For such as these containers Kubernetes or cloud environments, for Prometheus, it is an important problem to be solved is how to deploy dynamic found in Kubernetes environment need to monitor all targets.

For Kubernetes, as shown above, we can among all the resources are divided into several categories:
infrastructure layer (the Node): cluster nodes, and applications for the entire cluster runtime resource
container infrastructure (Container): application provides run-time environment
user applications (Pod): Pod will contain a set of containers, they work together, and provide external one (or a group) feature
internal load balancing service (service): in a cluster, exposed by the service in a cluster application function, load balancing between the interior of the application and the application access cluster
external access inlet (Ingress): an inlet providing access through the Ingress outside the cluster, which can make access to external clients deployed within the cluster service Kubernetes

Thus, without considering Kubernetes own components, if you want to build a complete monitoring system, we should consider the following five areas:
cluster node status monitoring: from kubelet cluster nodes basic services running state acquiring node;
resource usage deployed node Exporter acquisition node in the form Daemonset in the cluster, each node;: cluster node resource usage monitoring
vessel monitoring node running: obtaining node running status of all containers by each node kubelet built cAdvisor in and the use of resources;
deployment from the black box to monitor the angle of the probe in the cluster Blackbox Exporter services, Ingress detection service and availability;
applications if deployed in a cluster itself built monitoring support for Prometheus, then we should also find examples of appropriate Pod, and acquires the operating state of the internal monitoring index from the Pod example.

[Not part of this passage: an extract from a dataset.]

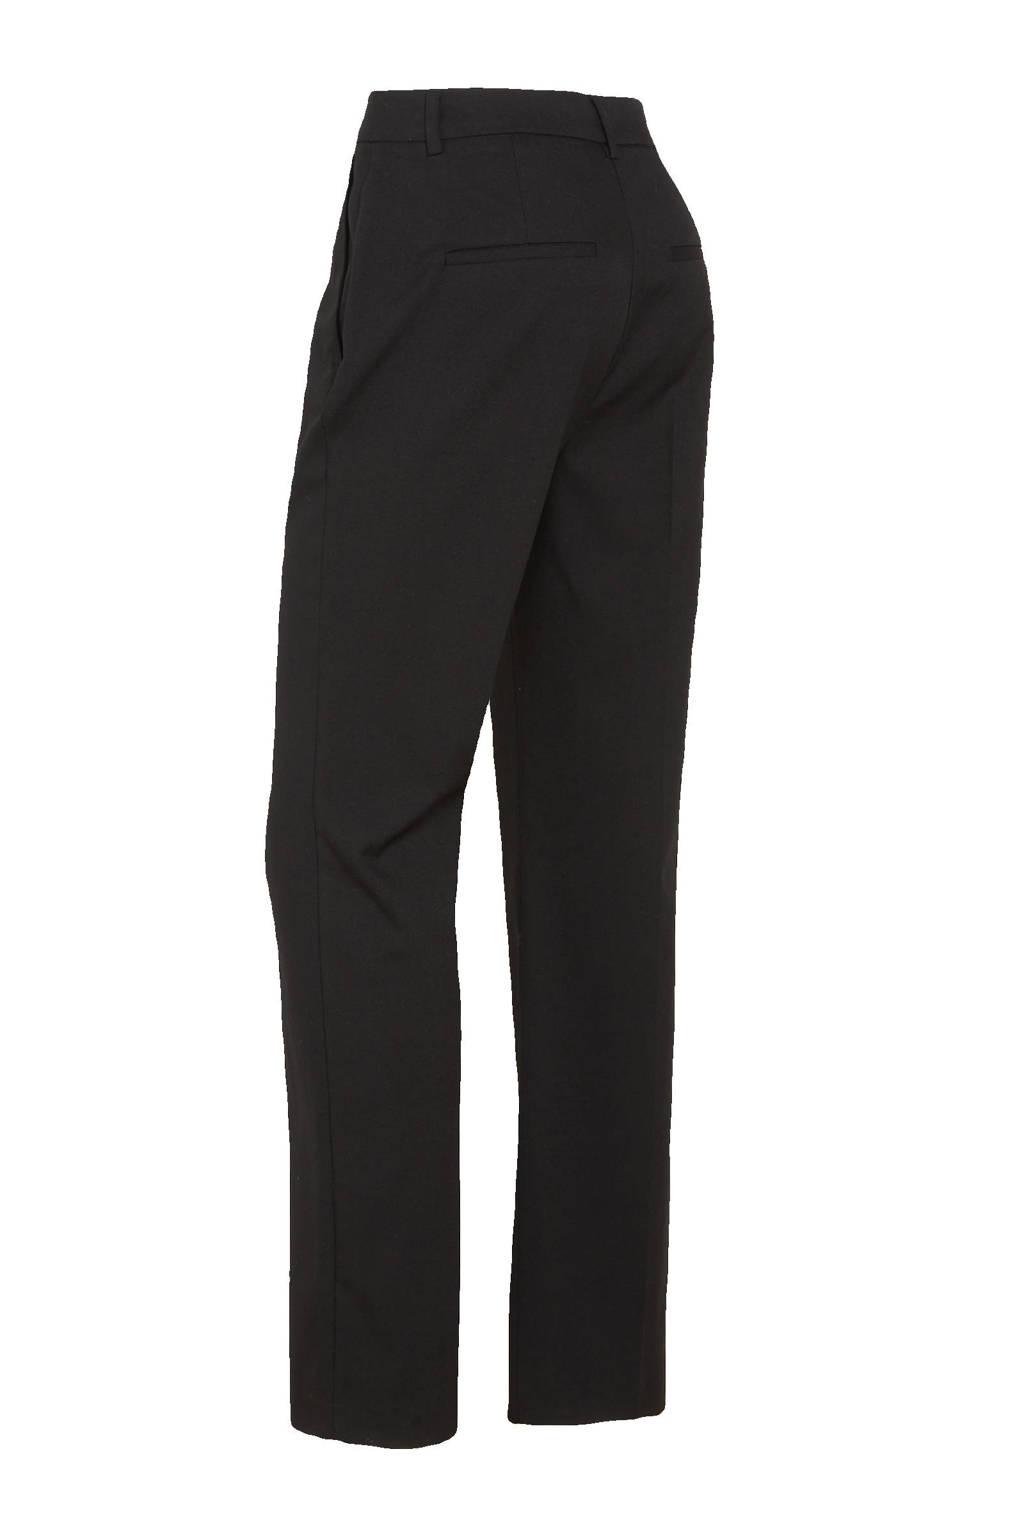 C&A Yessica Tailored high waist straight fit pantalon zwart, Zwart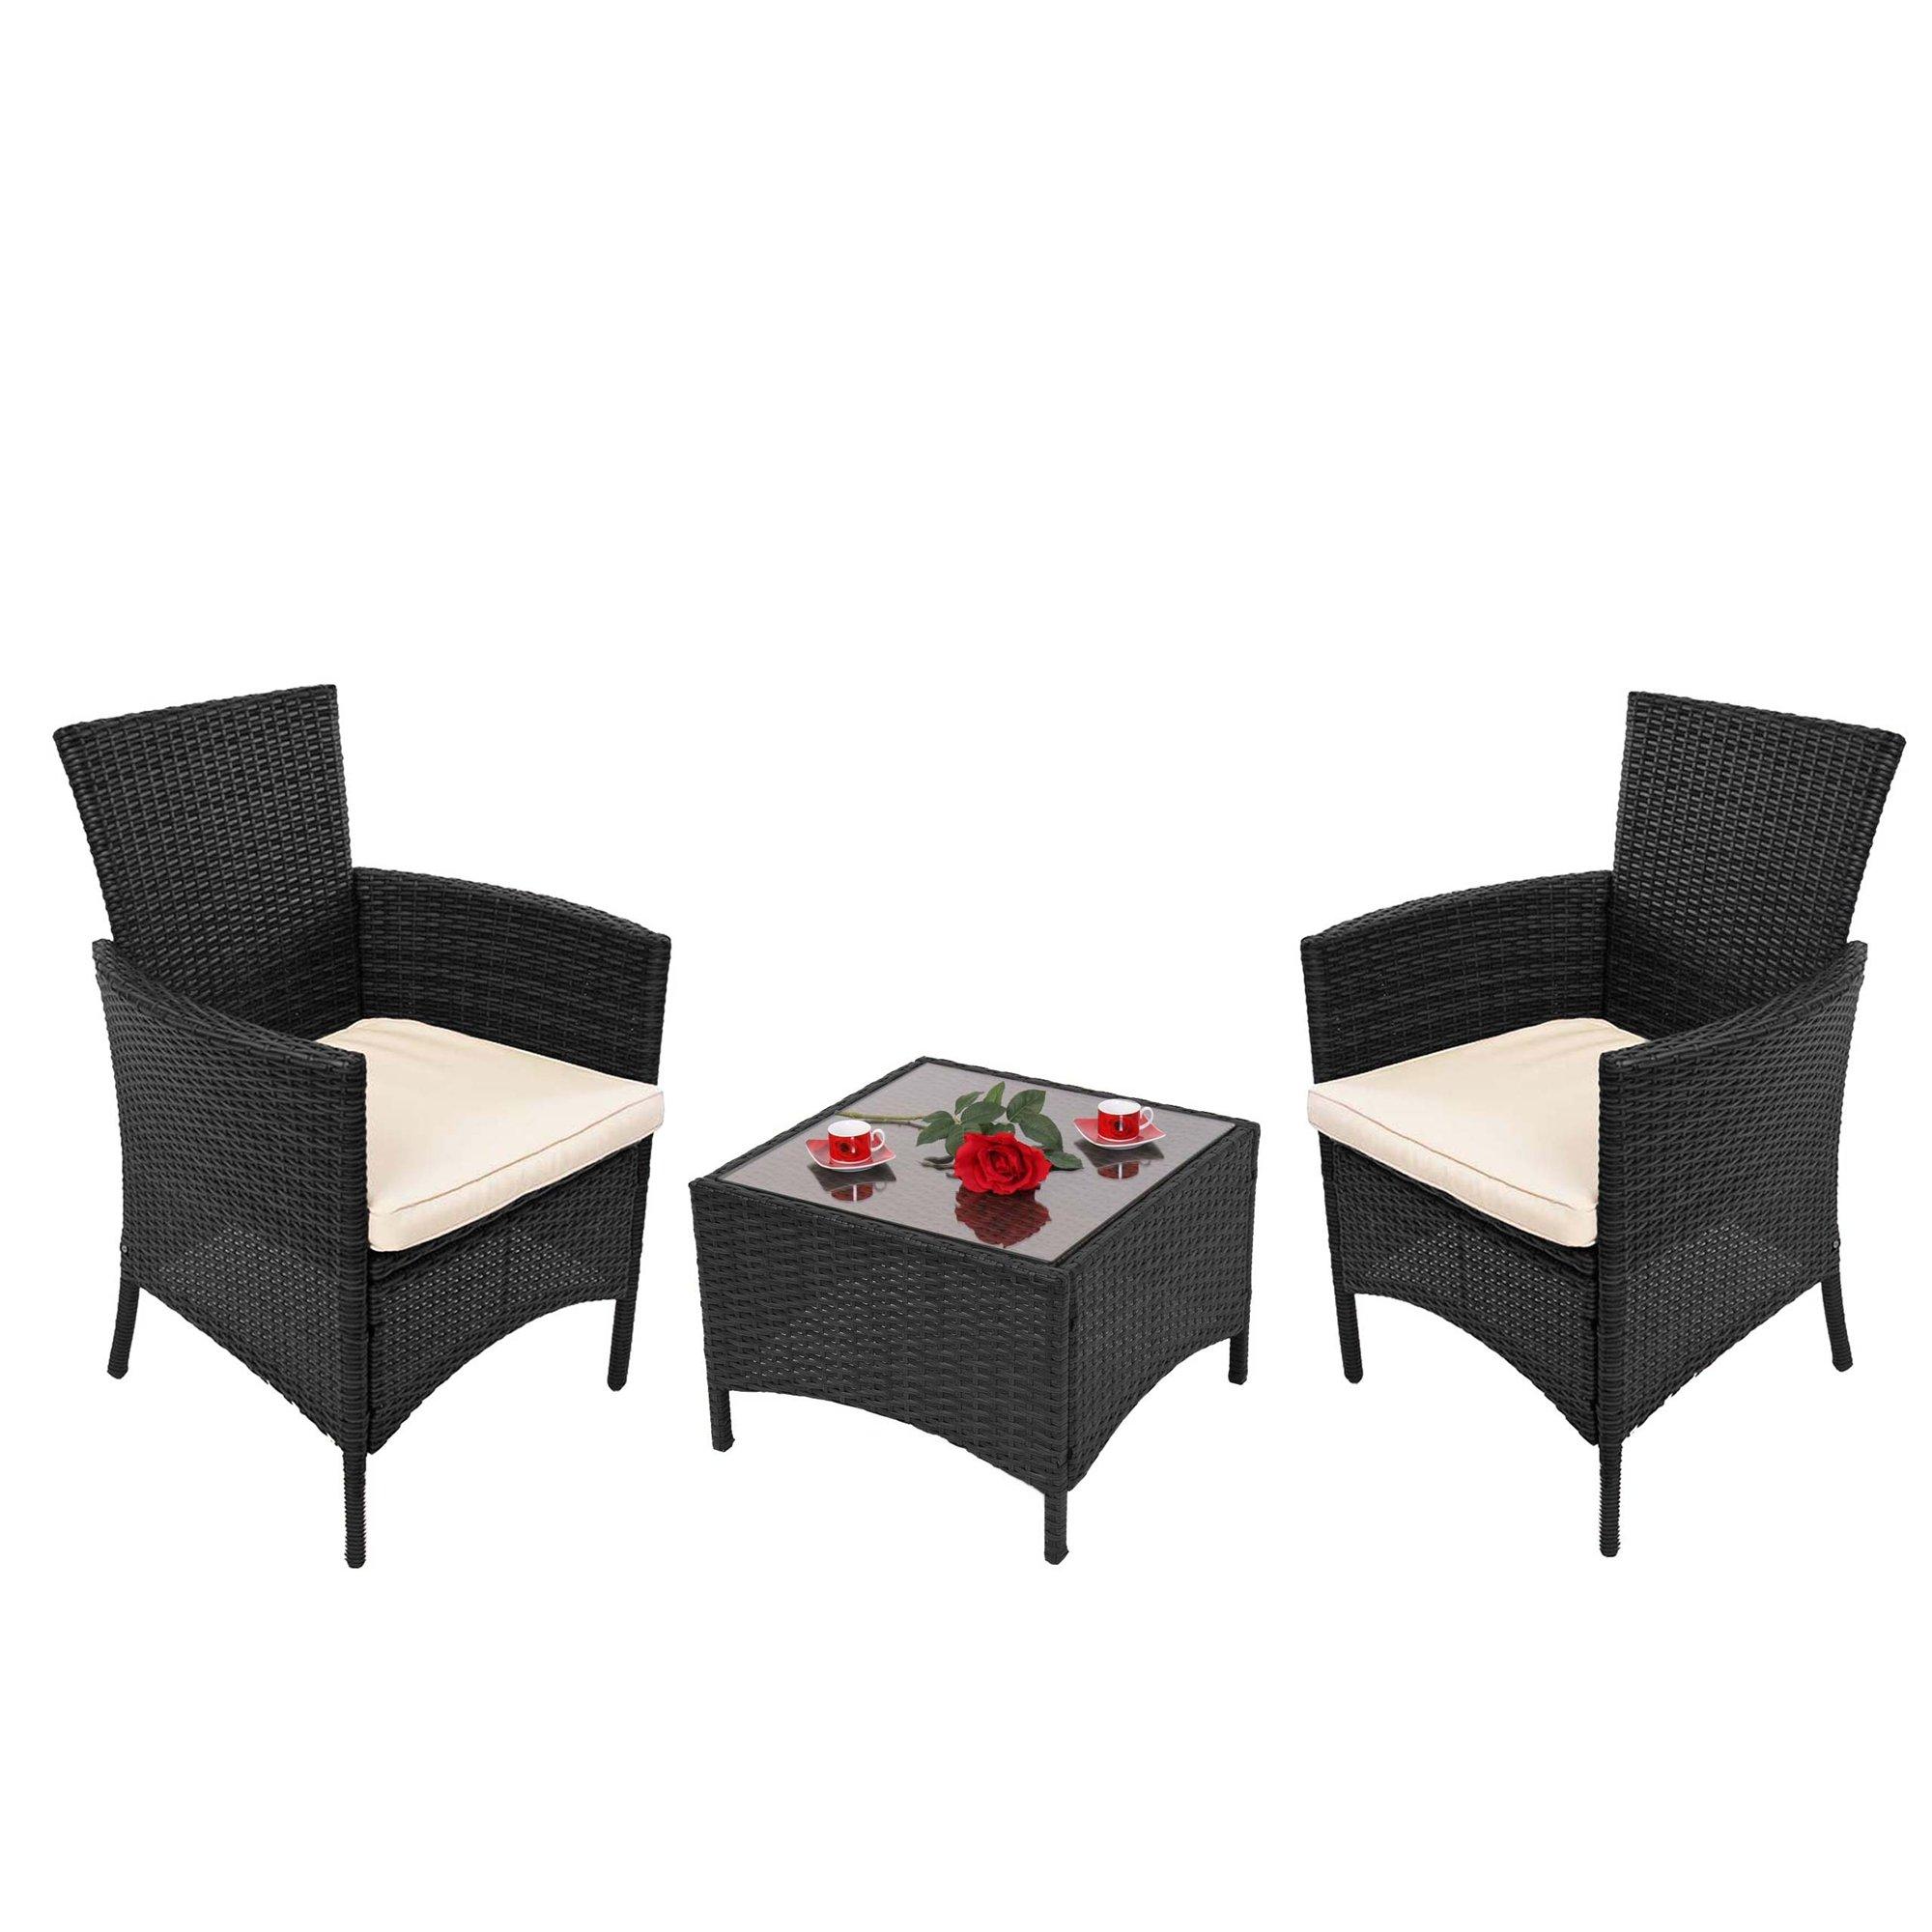 Lote 2 sillas de jard n mesa caf parma color negro for Ofertas sillas de jardin

Appendix: What is the timing of the database?
Prometheus mentioned above is based on a database monitoring system timing, often abbreviated sequence database TSDB (Time Series Database). Many popular monitoring systems are in use sequence database to store data, it is because the characteristics of the database and monitoring system timing coincides.
By: the need for frequent write, and write the sort order is chronological
delete: no random deleted, delete a block of time under normal circumstances all of the data
changes: no need to write the data is updated
search: need for highly concurrent read operation, the read operation is ascending or descending chronological read data is very large, the cache does not work

With heapster no longer developed and maintained and influxdb cluster solution is no longer open source, heapster + influxdb monitoring program, only suitable for some relatively small-scale k8s cluster. The prometheus whole community is very active, in addition to the official community offers a range of high-quality exporter, for example node_exporter and so on. Telegraf (centralized collection metrics) + prometheus the program, but also a reduction in workload deployment and management of a variety exporter of very good programs.
Today, the main talk about our use prometheus process, some practical experience in storage.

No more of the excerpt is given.